Mr Macron was misinterpreted by some last week who strain to discern an agreement between the EU and the UK in what he said. When Mr Macron stated he wanted reform of the EU he went back to the old idea of accelerated union and integration for an inner group. He then wants the UK to fit into an outer circle, where doubtless he thinks we should be rule-takers. We would be grouped alongside eastern European countries who may want fuller integration but are not welcomed or thought to be ready by the elite countries to join the core of the Euro.

Mr Macron thinks France, Germany, the Netherlands, Belgium and Luxembourg, five of the original six founders of the EU, and maybe Spain, are ready to move to a single budget, a single Finance Minister and a joint foreign and security policy. Italy would probably be told if they want to be part of this inner core they have to forget all their wishes to change the budget strategy and to bin their request to toughen migration and border controls. There would be no room for dissenters in the core. The UK will of course be “offered” a security and defence partnership, because the UK provides more already to European defence than our GDP share would imply. The EU would like access to our two carrier groups and to the squadrons of F 35 fighter bombers, as well as to our Intelligence services. The EU has in mind some kind of Association Agreement with the UK, which is a watered down version of the EU Treaty without the voting rights and place at the table to complain in person about bad laws and bad policies.

Mr Macron’s vision is backward looking and out of time. Mrs Merkel is finding it very difficult to hold her coalition together, and will be in no position to offer a joint budget and common Finance Minister given the antipathy of German electors to the idea of Germany paying more and sponsoring a so called transfer union. As transfer unions are central to most countries with their own currencies this remains a major stumbling block for the Euro. Mrs Merkel’s traditional coalition partners, the CSU, face a difficult election in Bavaria in October, where they could lose control of their Lander Parliament thanks to AFD candidates. This means Mrs Merkel has to pose as tough on matters European and migratory for the next two months.

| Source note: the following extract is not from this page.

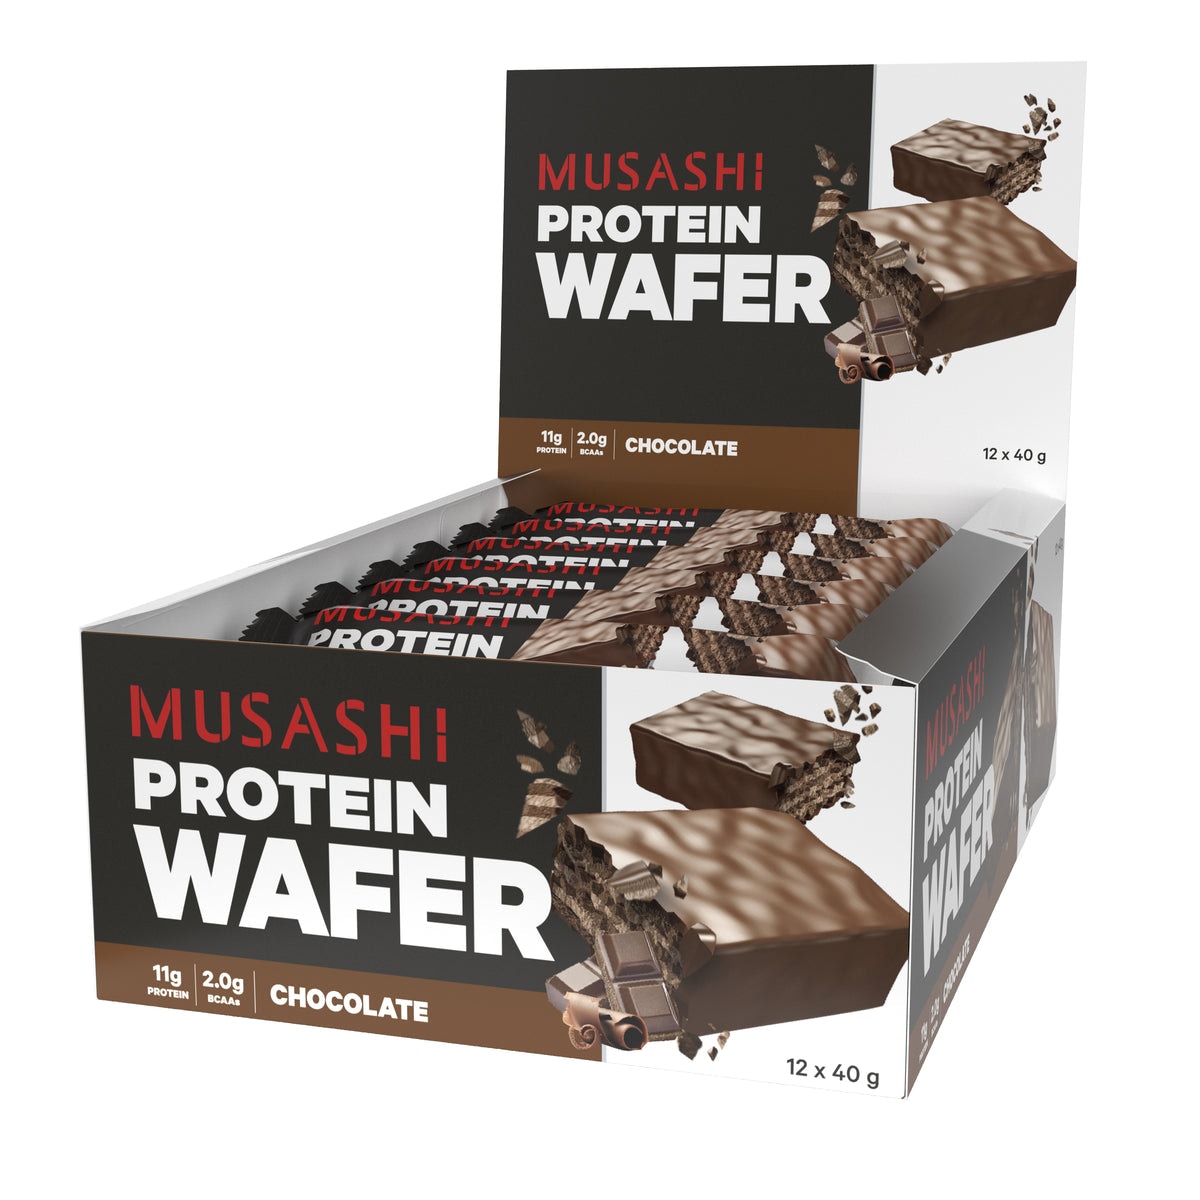 Musashi Chocolate Protein Wafer 12 x 40g Australia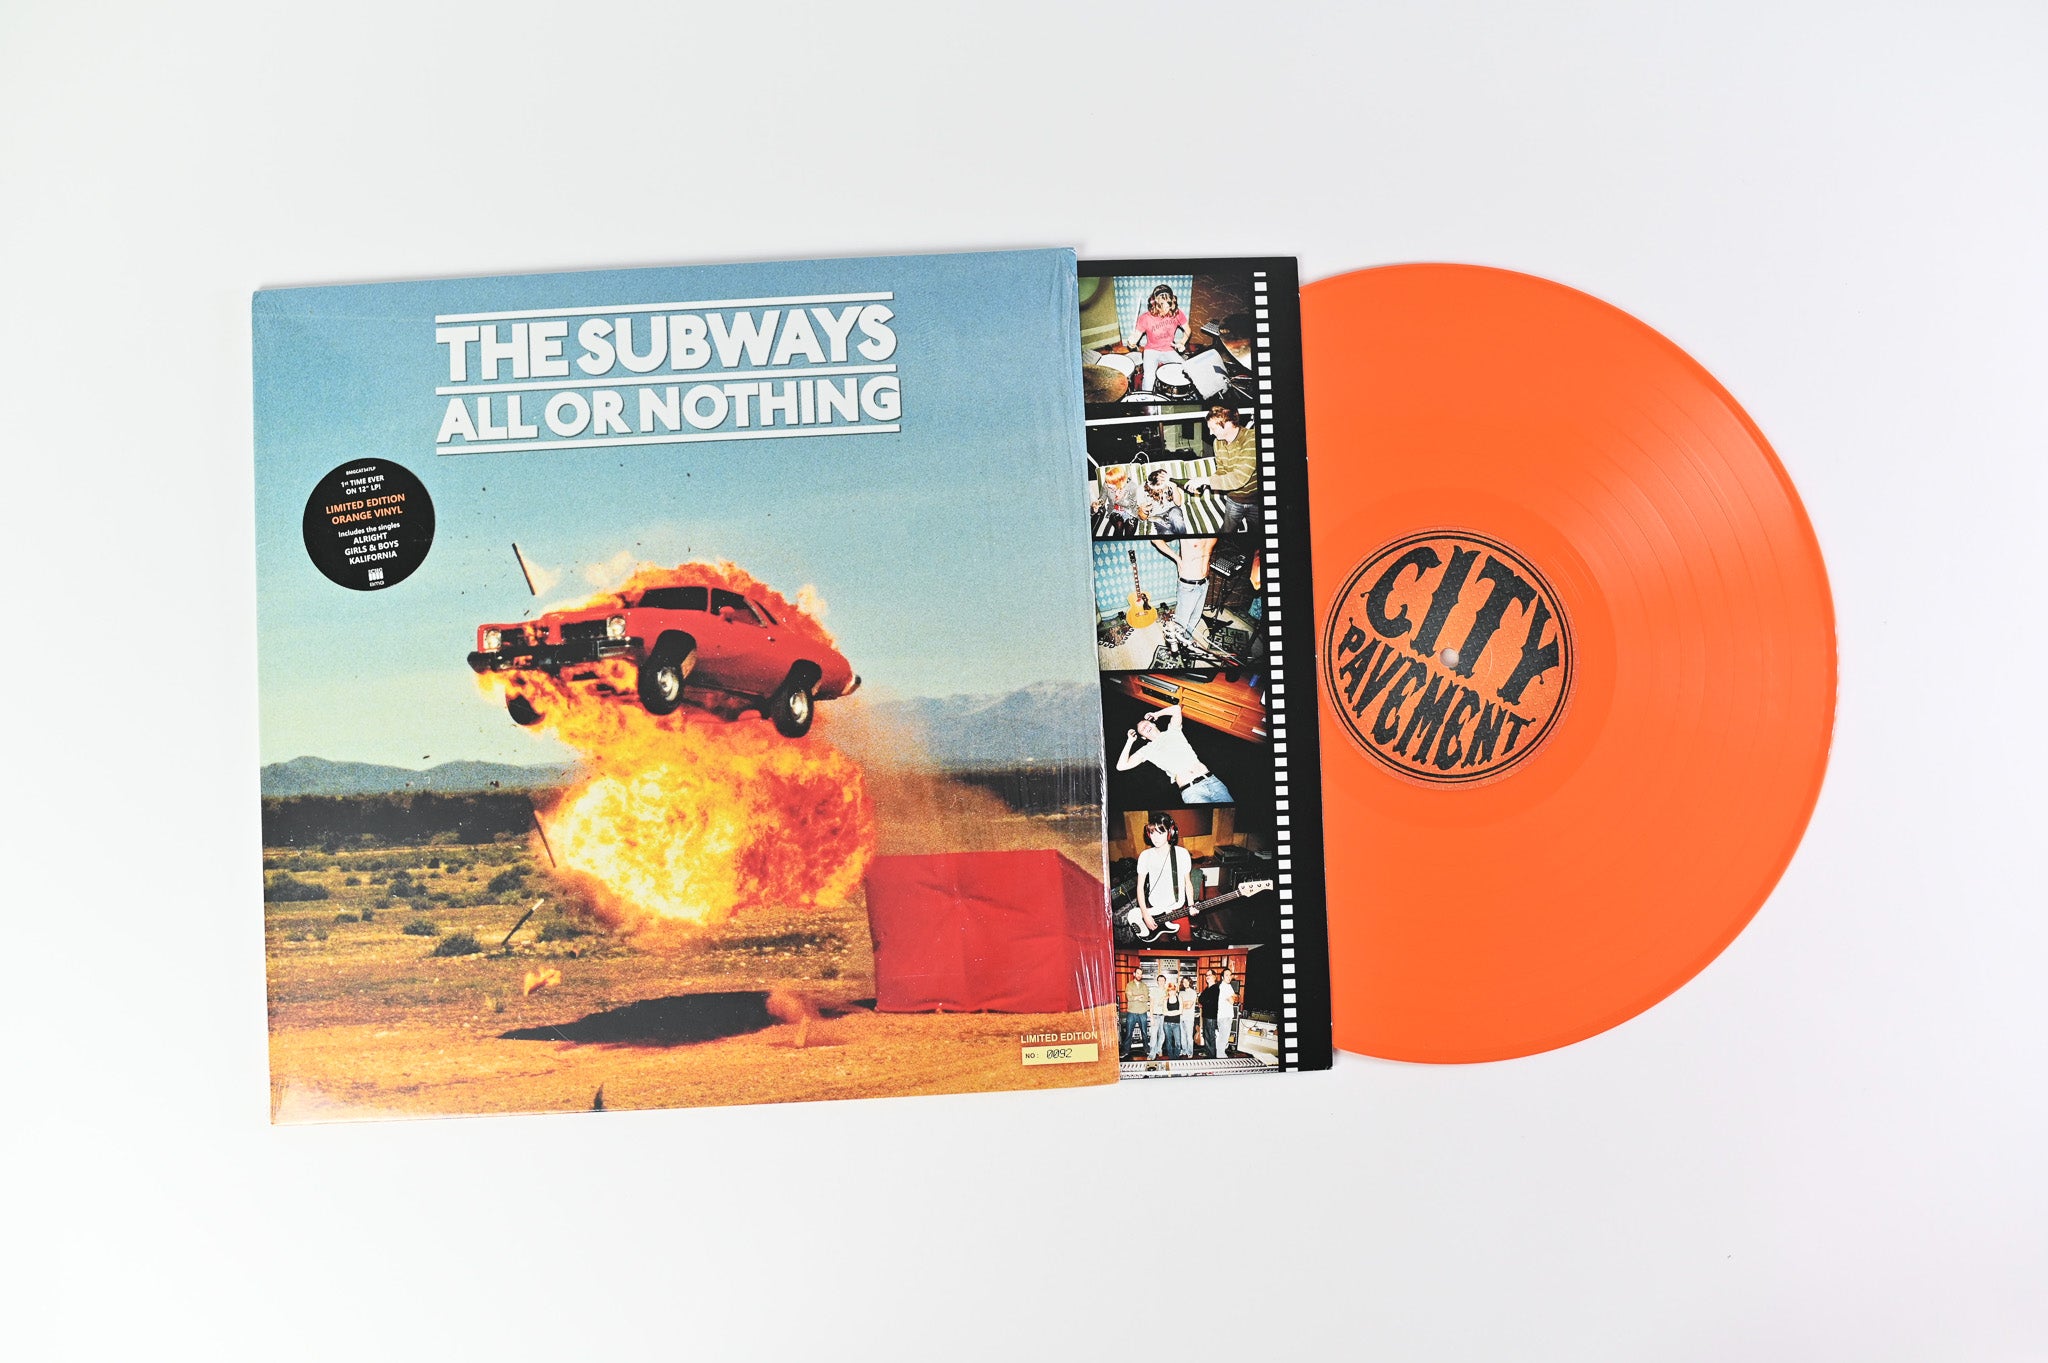 The Subways - All Or Nothing on Echo Label Limited Orange Vinyl

Mr Macron will also alienate many of the keen members of the EU that are excluded from his inner core. The countries to the south – or their governments – believe in the Euro scheme and were expecting a bit more financial and budget leeway. Instead, Mr Macron seems to envisage more budget flex only for the chosen few that have passed the austerity test and joined the core. He will also continue to annoy the Hungarians and Poles who are the new naughty boys of the bloc, wanting the whole institution to adopt anti-migrant policies.

It is going to prove a problematic few months for the EU, with Macron and Merkel in disagreement and with Italy pressing hard for changes to both migration and budget policies. Mrs Merkel usually gives in to pressure, so expect German policy to move to a more anti-migrant stance.